The error originally pulled from the application server's event log was:

Error message from event log on server XXXX

Application: MySvc.exe
Framework Version: v4.0.30319
Description: The process was terminated due to an internal error in the .NET Runtime
at IP 000007FEEFD8CD4C (000007FEEFC70000) with exit code 80131506

This doesn't show much detail and the best pointers I've found online is to 'cross fingers'...

Application Crashes With "Internal Error In The .NET Runtime"

http://www.jamesewelch.com/2010/09/30/troubleshooting-internal-error-in-the-net-runtime/

Finally after a month of running with AdPlus debugger attached we have a string of failures and some crash dumps.
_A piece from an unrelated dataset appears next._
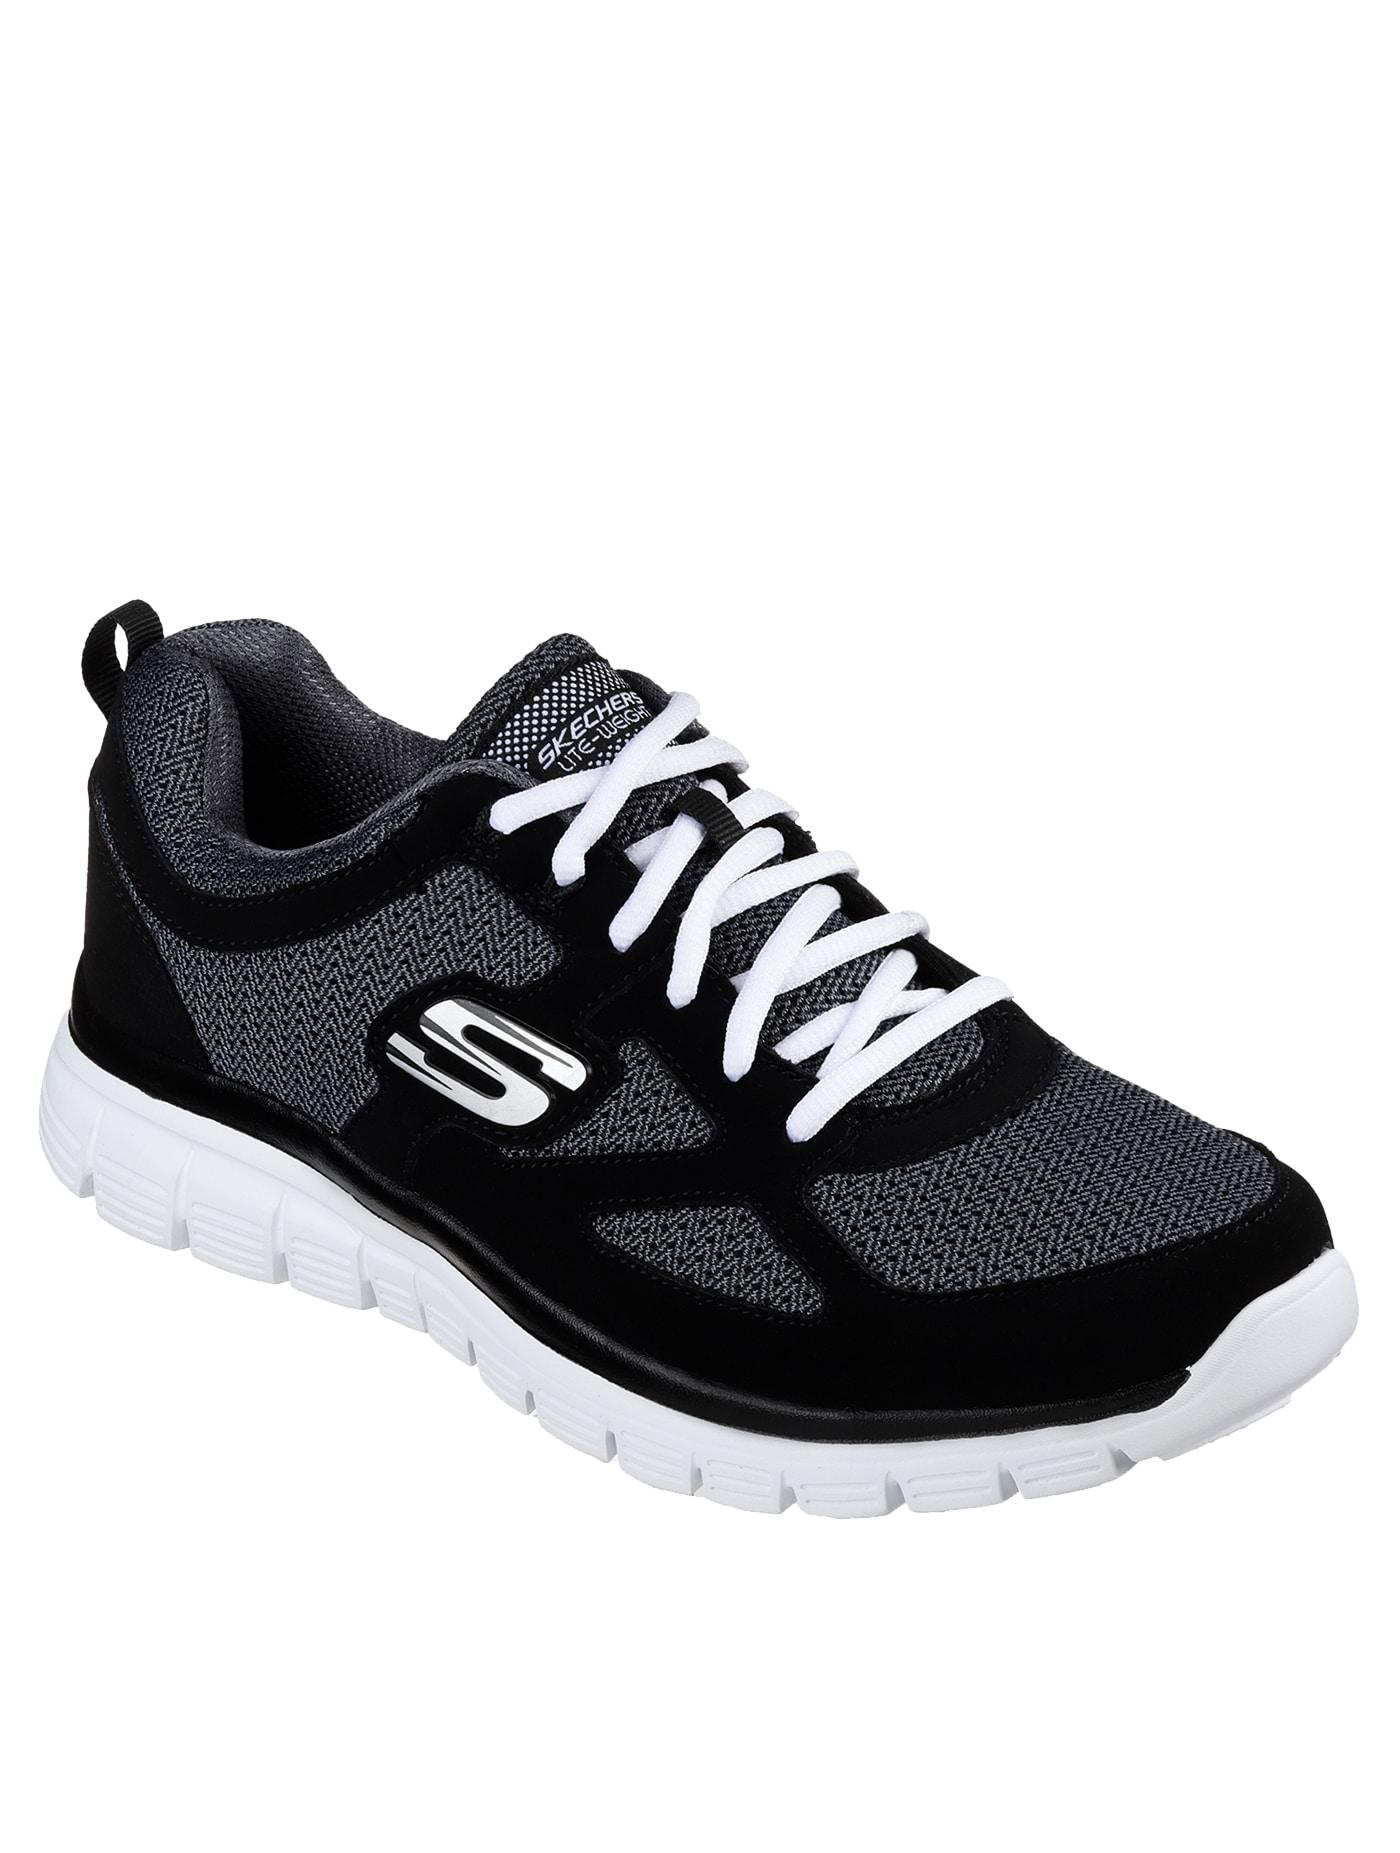 Intacto siga adelante polvo  SKECHERS รองเท้าลำลองผู้ชาย รุ่น Burns - Agoura MS 526   Central Online

Now that I have the dumps I'm having trouble gaining anything of use from them.

I've previously investigated a few 'hang' dumps with plenty of success and read much of Tess Ferrandez's blogs among others, but the 'crash' dumps I have are proving to be deadends. Most objects, exceptions etc all marked for garbage collection & only the main thread remaining - I'm probably missing something.

I'll add the detail from !analyze -v and also the dump logs - which do show exceptions.
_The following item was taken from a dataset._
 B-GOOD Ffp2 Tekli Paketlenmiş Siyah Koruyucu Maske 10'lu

So - the real question on this is : can someone give me some pointers of where to head from here. The exceptions in the dump log don't match what I can see in the actual dump.
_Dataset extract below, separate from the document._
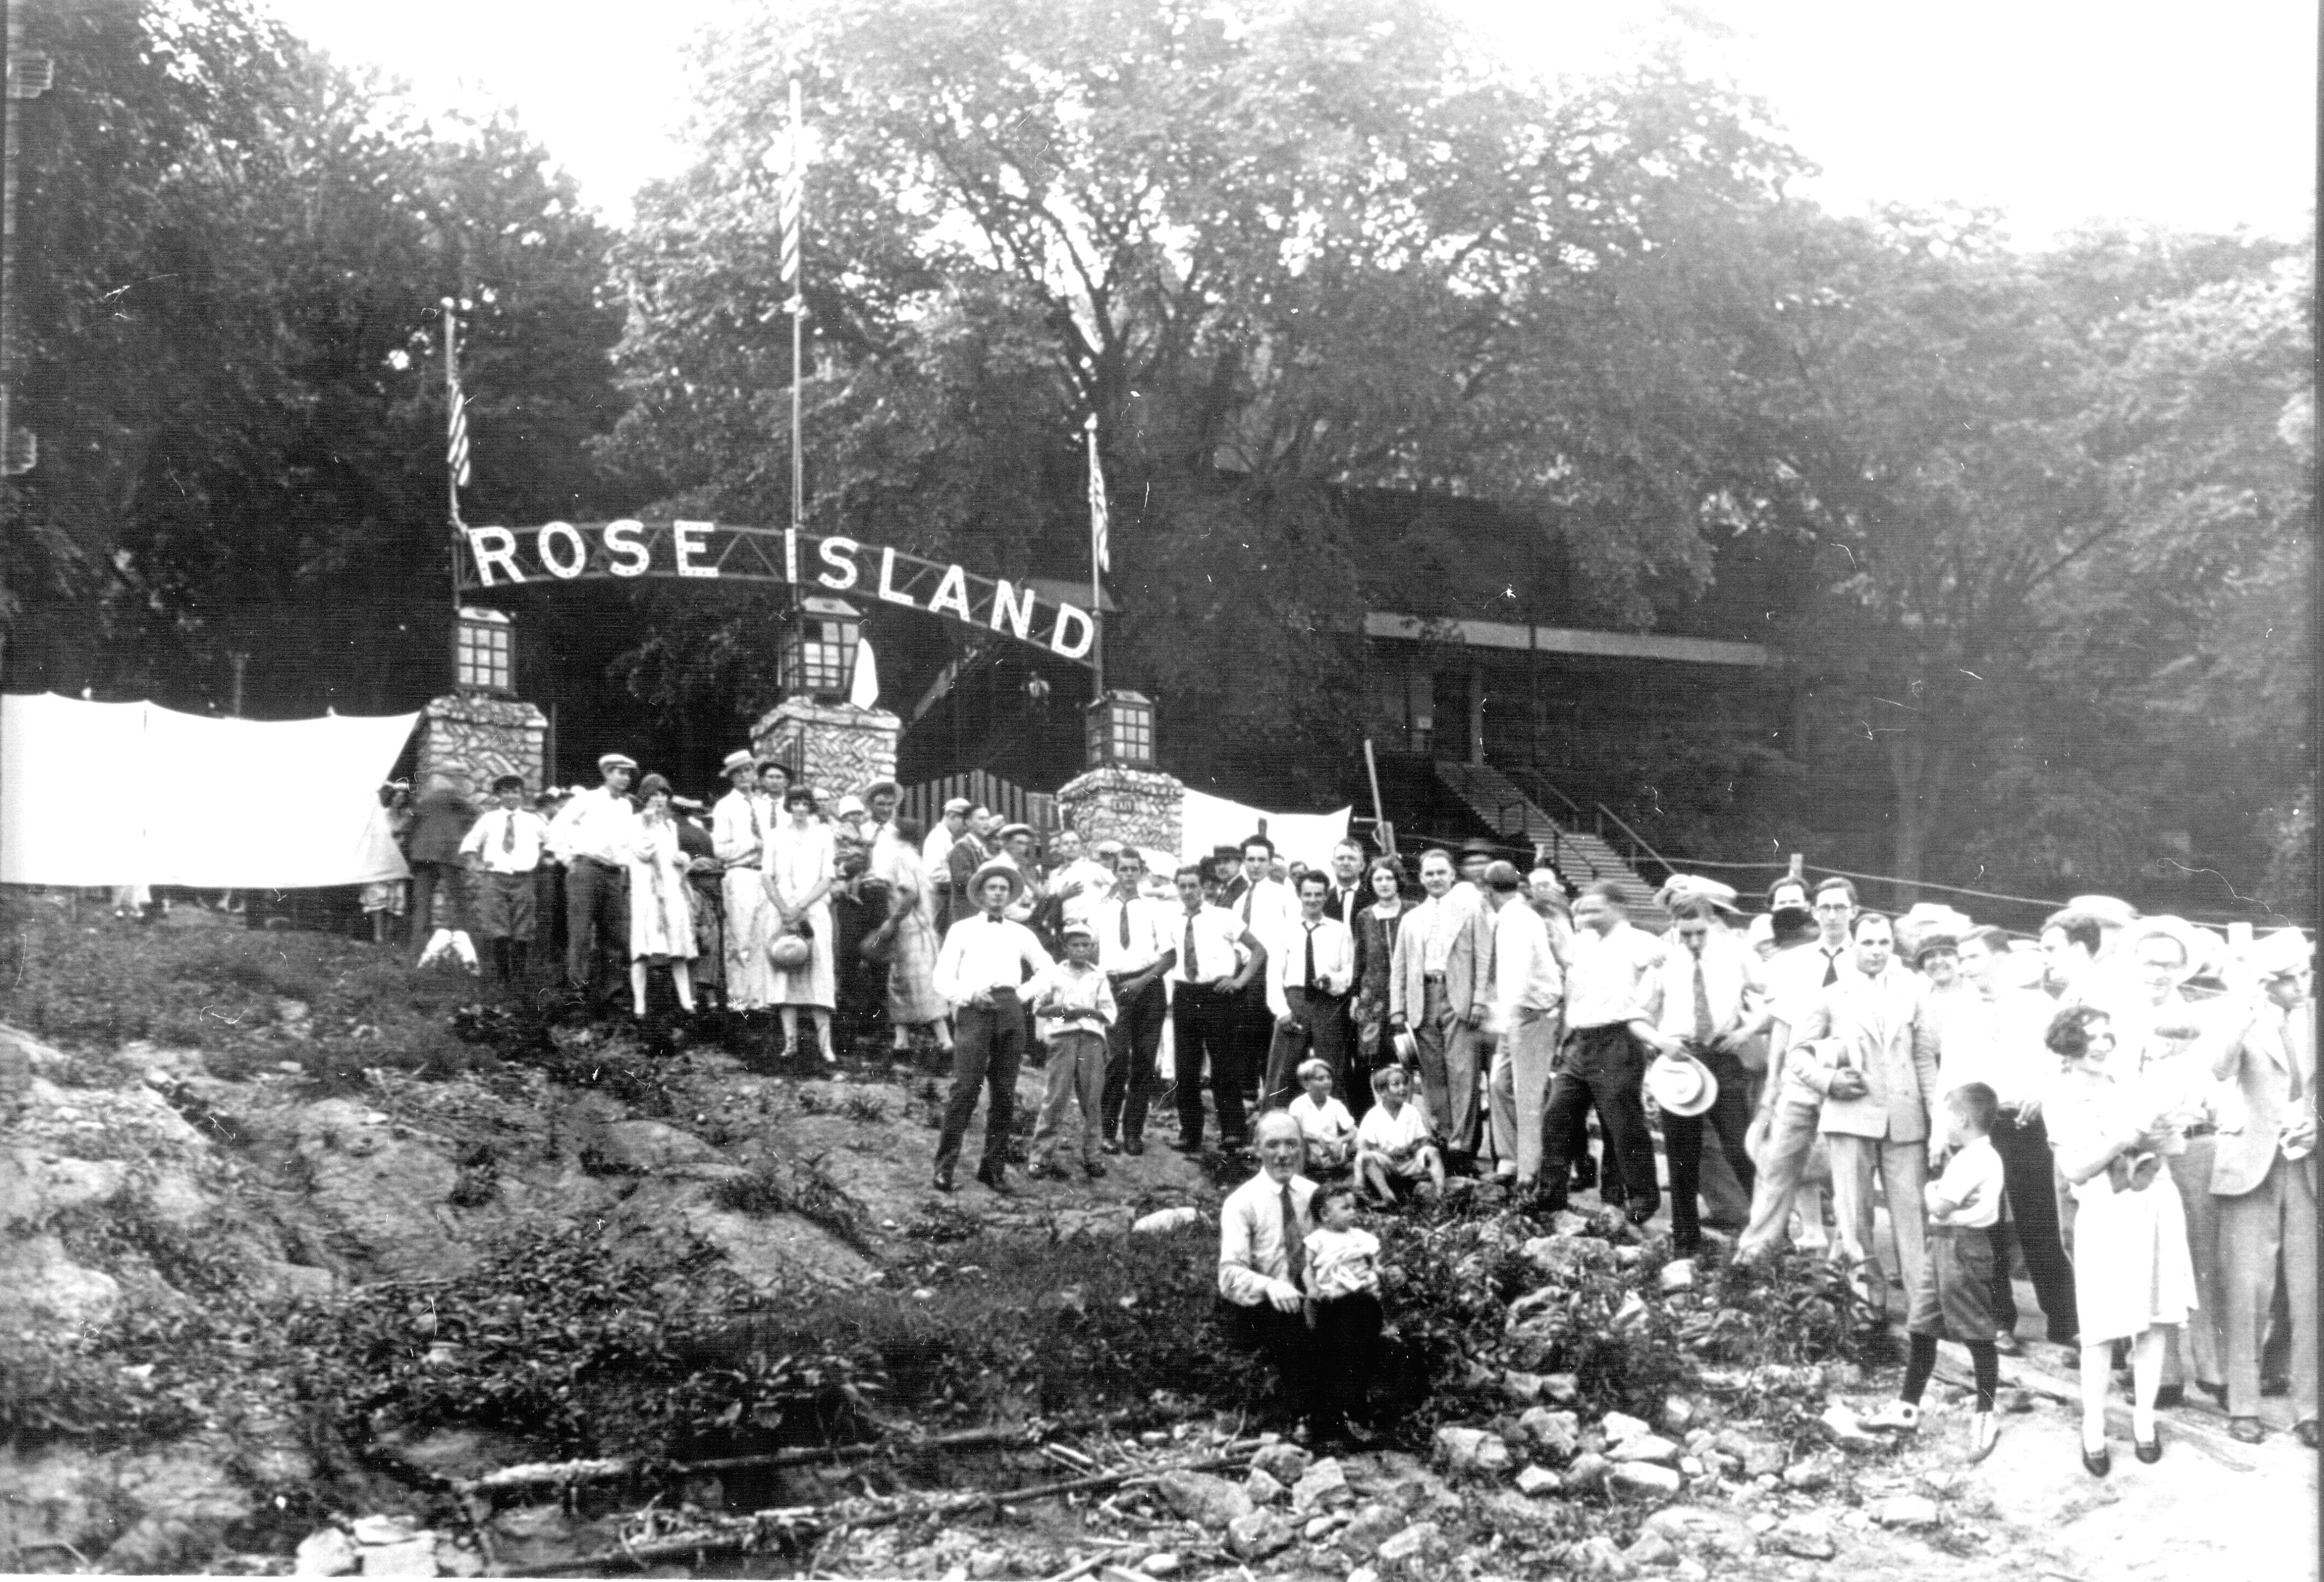 Rose Island 1

DUMP 1 Log avail here: http://pastebin.com/Eg5YCqww

DUMP 1 Analyze: (I have a symbols issue I can't resolve..)

0:000> !analyze -v
***
FAULTING_IP: 
+112c9440
00000000`00000000 ??              ???

EXCEPTION_RECORD:  ffffffffffffffff -- (.exr 0xffffffffffffffff)
ExceptionAddress: 0000000000000000
   ExceptionCode: 80000003 (Break instruction exception)
  ExceptionFlags: 00000000
NumberParameters: 0

FAULTING_THREAD:  00000000000011f8

PROCESS_NAME:  MySvc.exe

ERROR_CODE: (NTSTATUS) 0x80000003 - {EXCEPTION}  Breakpoint  A breakpoint has been reached.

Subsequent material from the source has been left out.